Route 58 is defined as follows in section 358, subdivision (a), of the California Streets and Highways Code:

Route 58 is from:

(1) Route 101 near Santa Margarita to Route 33.
(2) Route 33 to Route 43.
(3) Route 43 to just west of Van Buren Place near Bakersfield.
(4) Mohawk Street near Bakersfield to Route 99.
(5) Route 99 to Route 15 near Barstow via Bakersfield and Mojave.

Due to ongoing freeway construction projects in Bakersfield and unincorporated Kern and San Bernardino counties, the definition was last amended by the legislature in 2014 and may not accurately reflect current or former rights of way maintained by Caltrans. The definition also omits Route 58's concurrencies with other routes instead of duplicating those segments in those other routes' definitions in the code. In addition, section 558 subdivision (b) permits the state to relinquish control of the former rights of way located in Bakersfield and in unincorporated Kern County to local jurisdictions. Subdivision (c) further mandates that for the relinquished former portions of the highway, the city and the county must still "maintain within their respective jurisdictions signs directing motorists to the continuation of Route 58".

State Route 58 between Santa Margarita and Buttonwillow is a winding mountain road through a thinly populated area. From its westernmost terminus at US 101 near Santa Margarita, a few miles north of San Luis Obispo, SR 58 heads east along the former US 101 (El Camino Real) for one mile. SR 58 then heads east and up the winding mountain road, passing through a thinly populated area and an intersection with SR 229. Alternatives such as SR 46 to the north or SR 166 to the south are recommended, as much of this section of SR 58 is prohibited to truck traffic. However, this section of SR 58 does pass through the Carrizo Plain, which is known for its scenic beauty and geological features, including the San Andreas Fault. SR 58 then takes another winding road before joining with State Route 33 in the small town of McKittrick. SR 33 then splits at the north end of McKittrick before SR 58 then enters another, but brief winding road. SR 58 then proceeds northeast for several miles before changing to an east-west alignment and reaching Buttonwillow. SR 58 then joins with the north-south Interstate 5 (I-5) for a few miles to Stockdale Highway, where it resumes heading east and intersects with State Route 43 before reaching Bakersfield. In Bakersfield, the route follows the Westside Parkway to reach State Route 99 at the West Bakersfield Interchange.

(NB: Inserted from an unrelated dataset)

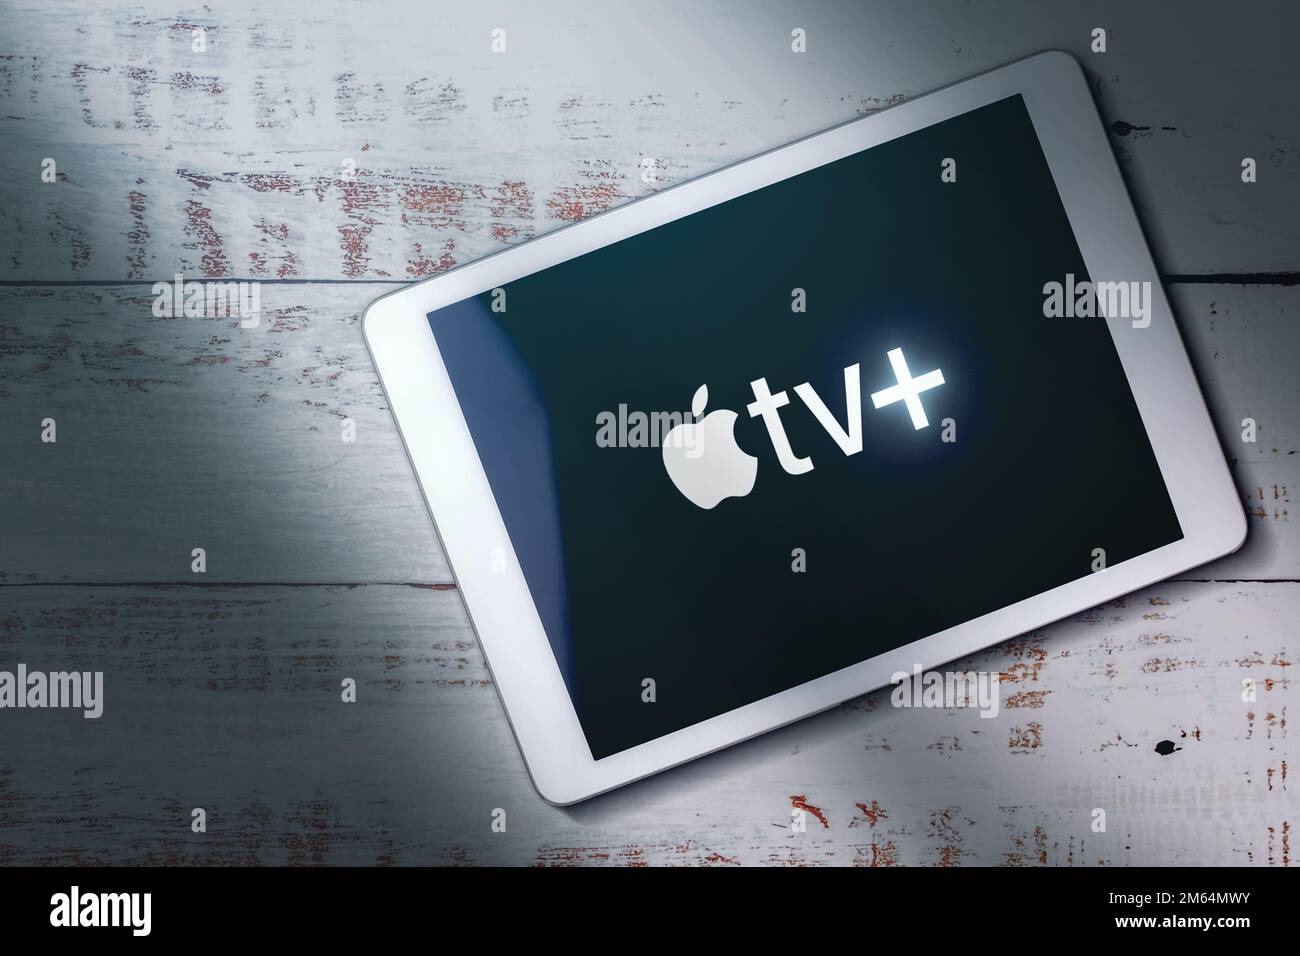 MÁLAGA - SPAIN - DECEMBER 21, 2022: Top view of digital tablet with Apple TV Plus logo on screen. Video streaming subscription service. Stock Photo

East of SR 99, SR 58 briefly enters expressway status with two at-grade intersections in the Caliente area before resuming freeway status east of Caliente. SR 58 then reaches the Tehachapi city limits and traverses the Tehachapi Pass before dropping out of the Tehachapi Mountains into the Antelope Valley at the town of Mojave. Freeway conditions continue from State Route 14 east of Mojave bypassing North Edwards, Edwards Air Force Base, Boron, and Kramer Junction. Approximately 10 mi east of an interchange with U.S. Route 395, SR 58 resumes expressway status with two lanes in each direction until just before reaching the easternmost terminus at Interstate 15 in Barstow.

With the lack of multi-lane divided highways that cross the Sierra Nevada between SR 58 at the Tehachapi Pass and Interstate 80 at Donner Summit several hundred miles to the north, I-5 and SR 58 are used by motorists to travel between Northern California and points to the southeast, such as Las Vegas (via I-15) and the Interstate 40 corridor, without having to face the extreme traffic congestion of greater Los Angeles.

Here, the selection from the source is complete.